30 Dover Street: Getting a Six-Townhouse Development to Market Before the Build Wraps
When Metro Advances came to Revolution Studio, their six-townhouse development at 30 Dover Street in St Albans was still under construction. The build wasn't due to complete until July 2026. But the developer didn't want to wait.
That's a common position for Christchurch developers right now. The townhouse market is moving, buyer interest is real, and sitting on a site without a listing while you wait for the concrete to cure is a cost that compounds. Off-plan marketing exists to solve exactly that problem, and 3D rendering is what makes it work.
The Brief
Metro Advances needed visuals that could go straight into a live real estate campaign.
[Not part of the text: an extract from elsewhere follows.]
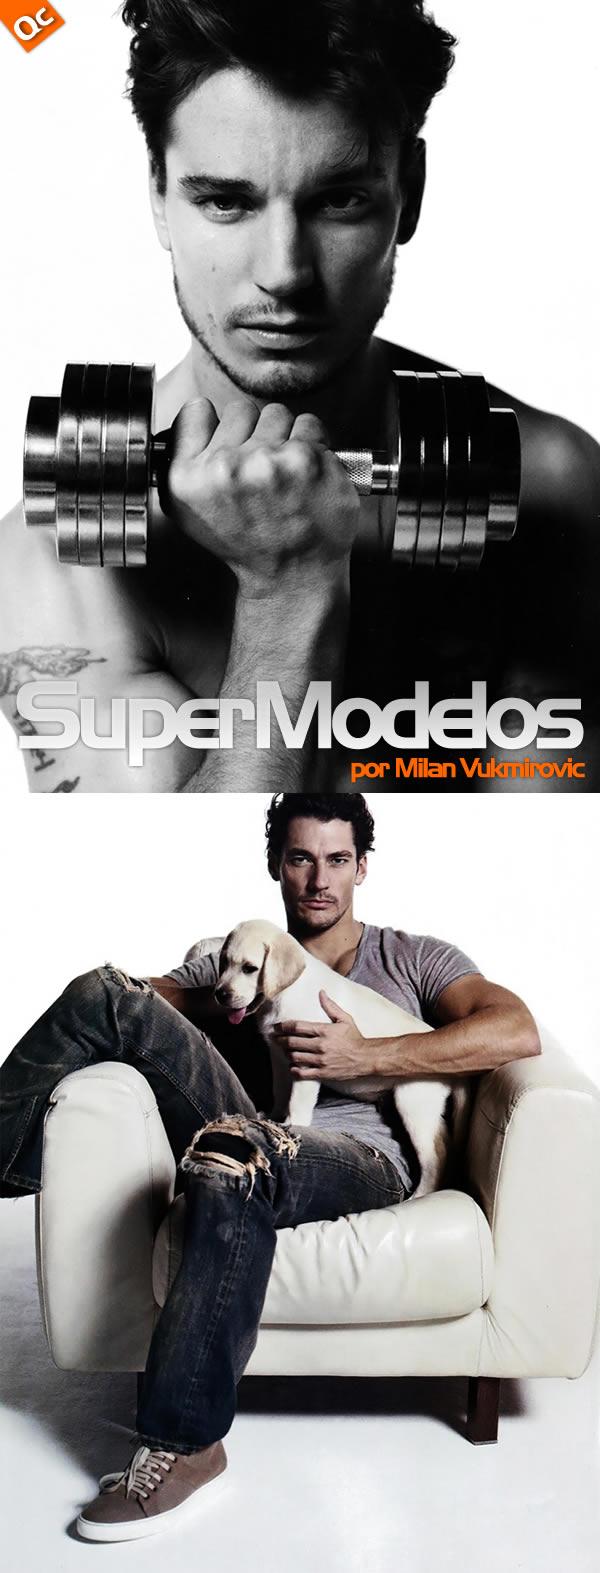 Super Modelos por Milan Vukmirovic

That meant exterior renders showing the street presence of the development, an outdoor living view showing the private deck and landscaping, and an interior render of the living space in one of the units.
The renders had to be campaign-ready — clean, accurate, and compelling enough to put buyers in the picture before the first key was cut.
What We Produced
The exterior renders capture the development's dark vertical cladding with its distinctive burnt orange window accents, set against the established St Albans streetscape. The palette is deliberate and confident, the kind of design that reads clearly from the street and photographs well for listing platforms.
The rear outdoor render shows the private deck with timber decking, surrounded by planted landscaping. It communicates something specific to buyers: this isn't just a unit, it has a real outdoor space attached to it.
The interior render of Unit 3's living room gives the listing the light, space, and lifestyle quality that flat floor plans can't convey. Neutral tones, natural light from the clerestory window, and considered furniture placement place the buyer inside the home rather than outside looking at a data sheet.
How the Project Ran
We started with clay renders, baseline structural images sent to Metro Advances for angle approval before any texturing or detailing began. The client confirmed the angles within 24 hours, and we moved straight into full rendering.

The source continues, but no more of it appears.